**What to produce:**
Starting at the line with "Hollandi jalgpallilegendist Ruud", copy each line through the last one below exactly as written, without any pictures.

**Data section:**

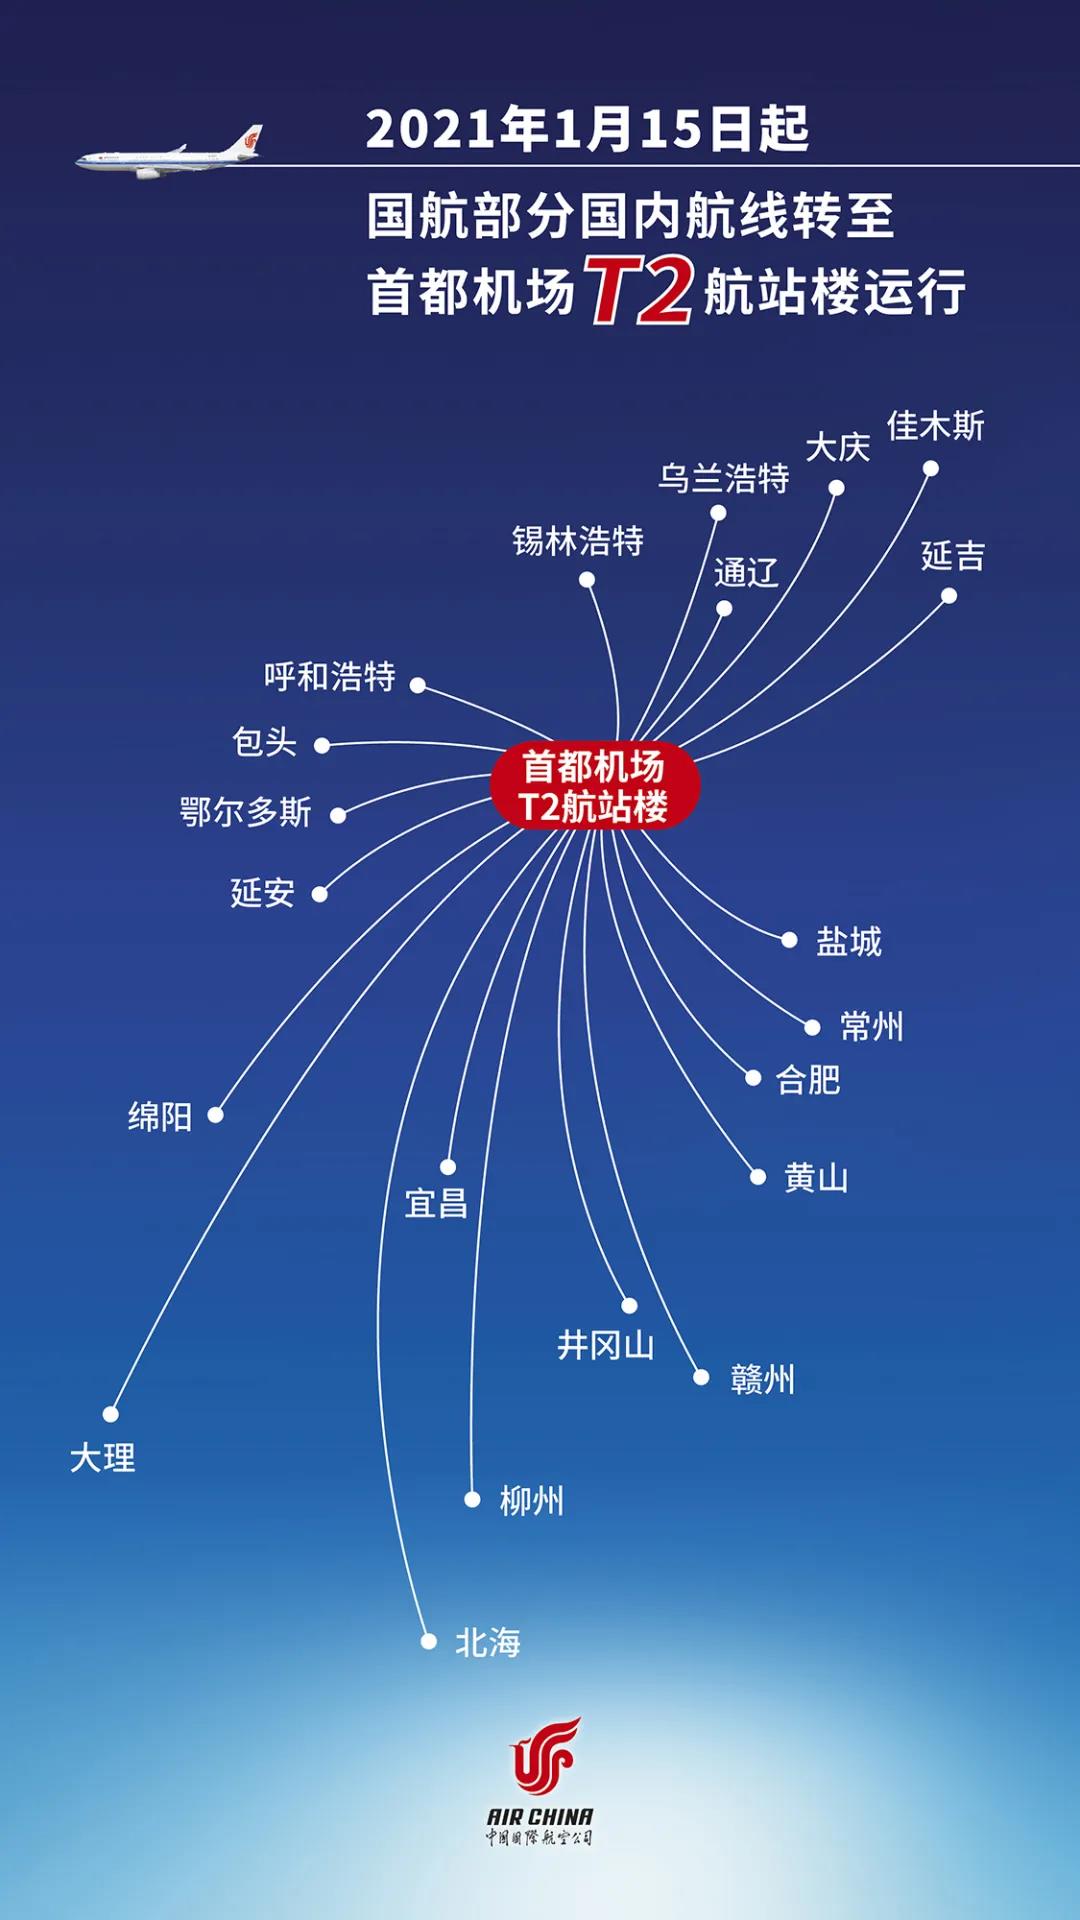 杭州市-国航首都机场部分航空货运航班转至二号航站楼运行-限时达空运物流公司
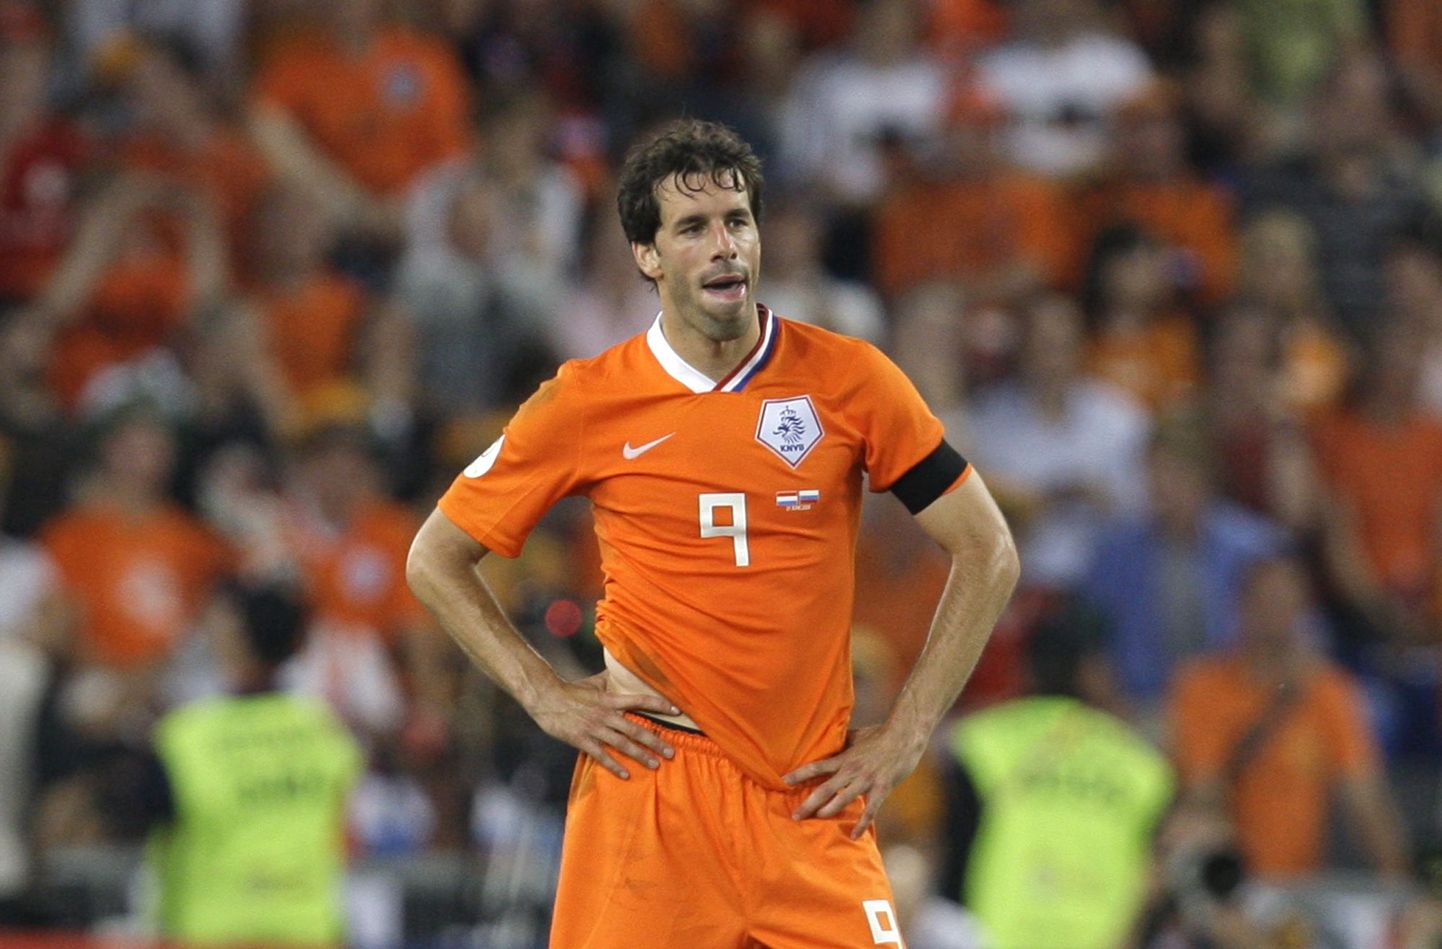 Hollandi jalgpallilegendist Ruud van Nistelrooy'st saab Hollandi koondise juures Guus Hiddinki abiline.
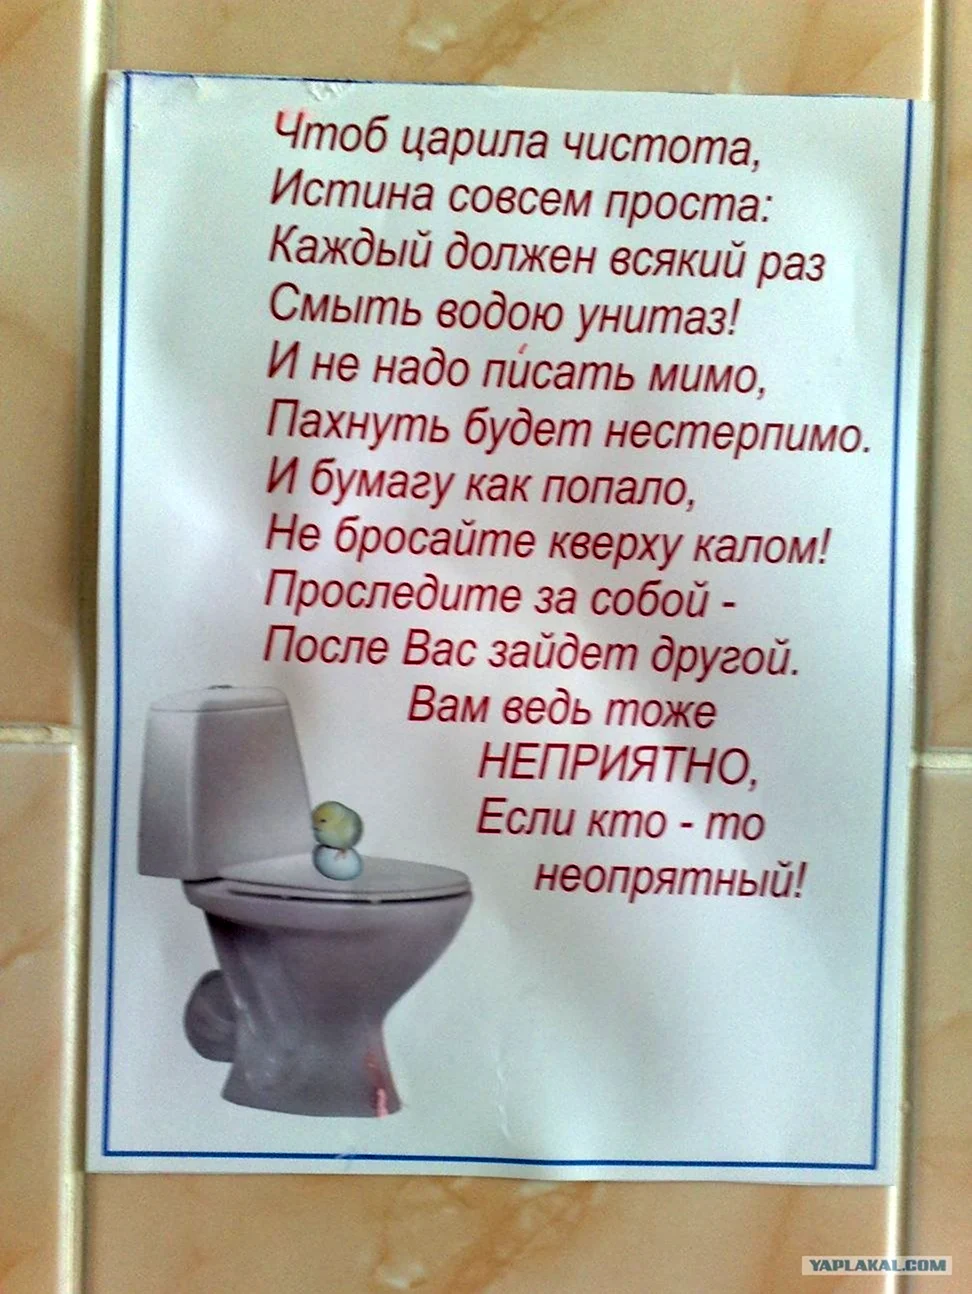 Объявление о чистоте в туалете. Картинка
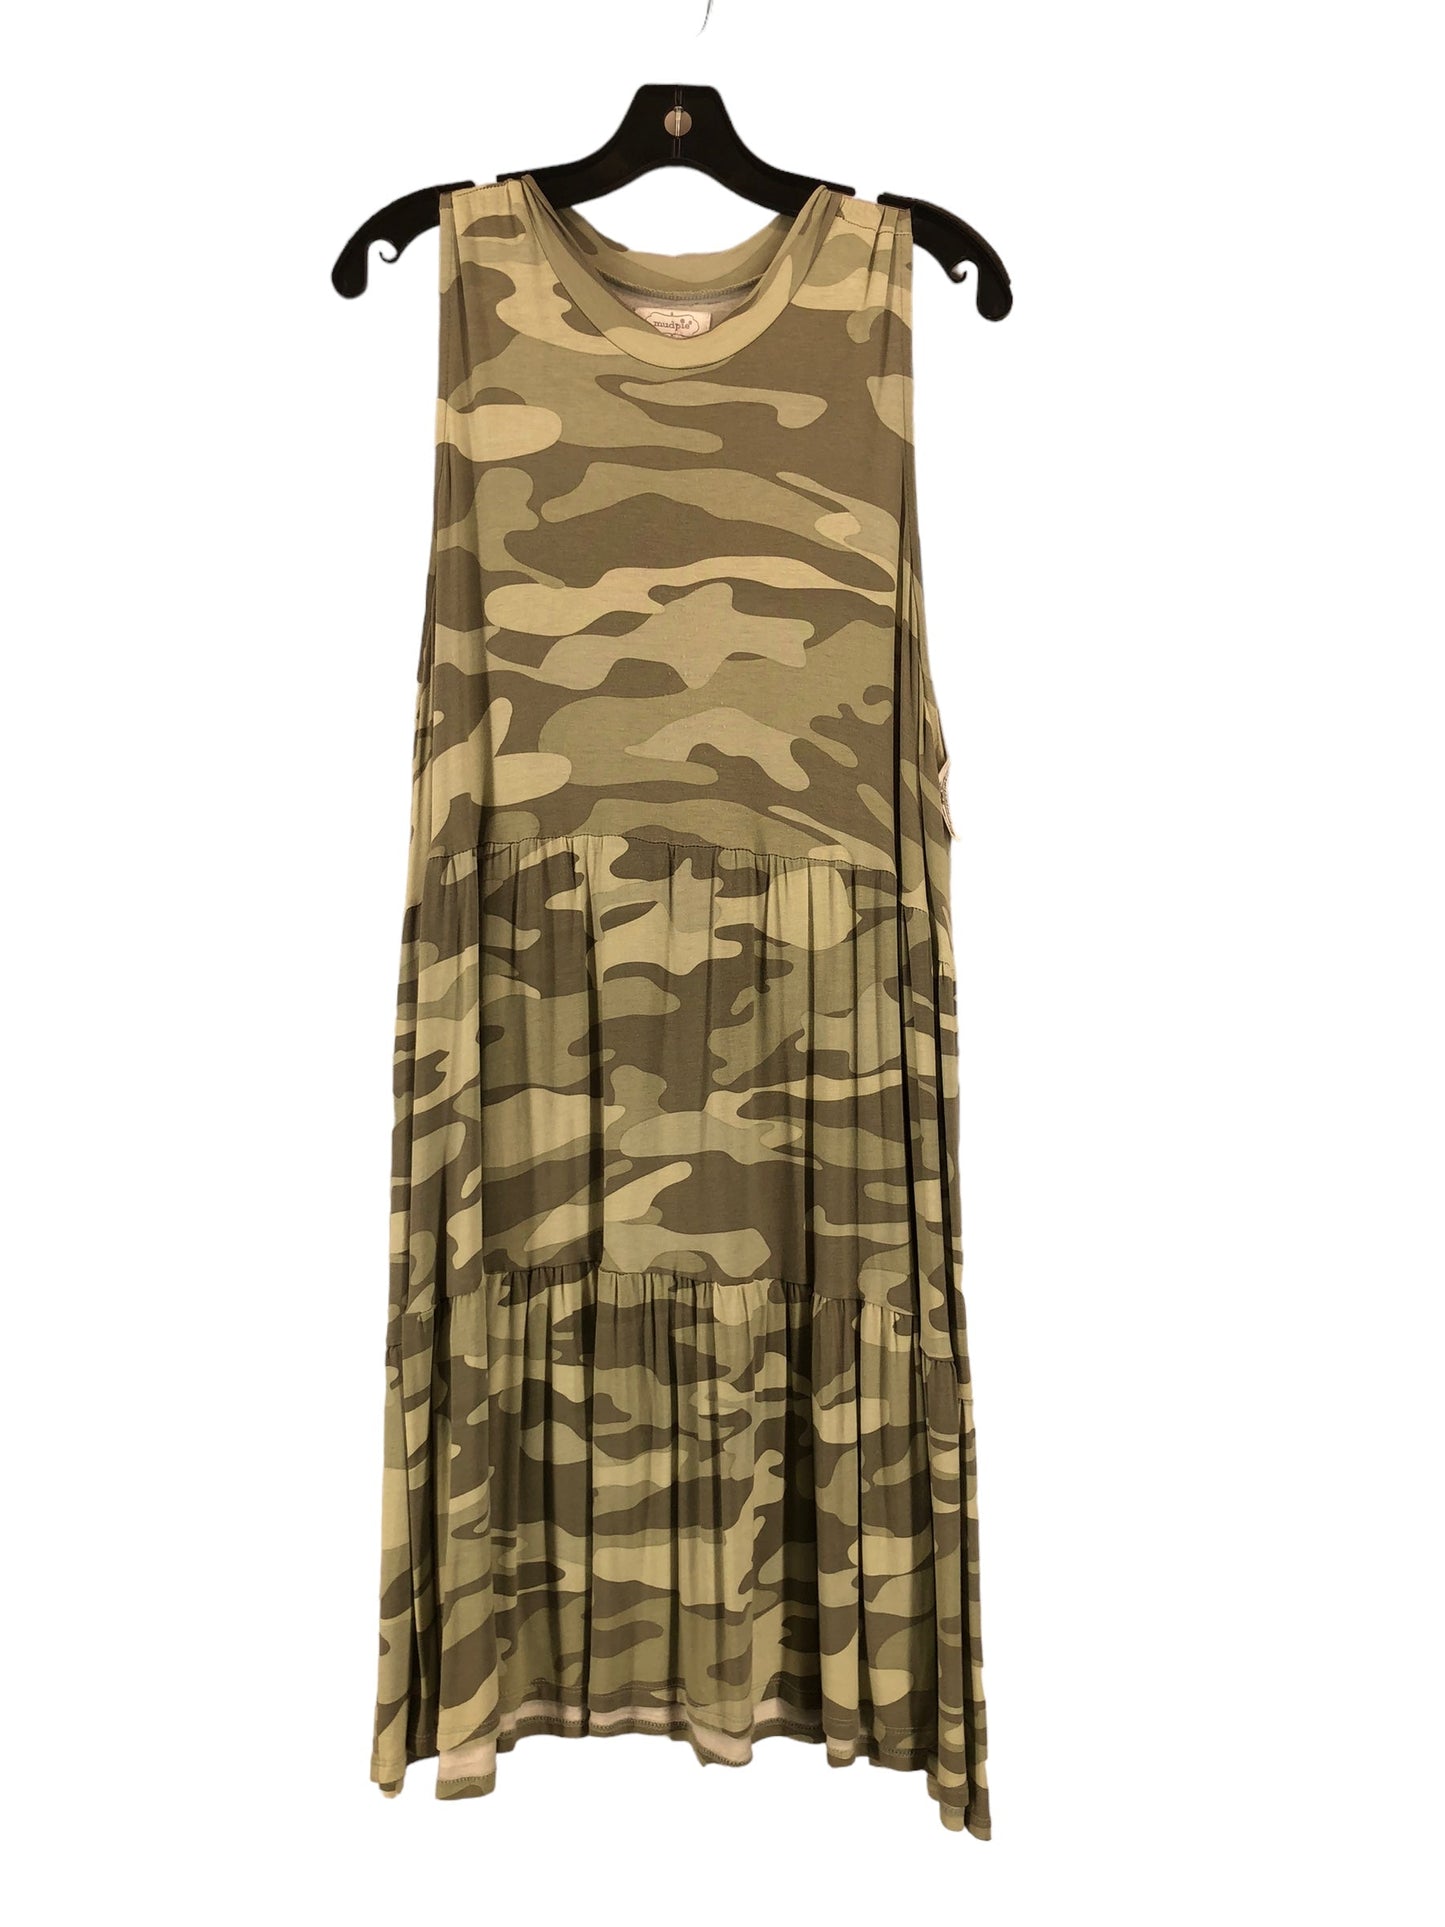 Dress Casual Midi By Mudpie  Size: Xl

**Solution to this task:**
 Hollandi jalgpallilegendist Ruud van Nistelrooy'st saab Hollandi koondise juures Guus Hiddinki abiline.
 Объявление о чистоте в туалете. Картинка
 Dress Casual Midi By Mudpie  Size: Xl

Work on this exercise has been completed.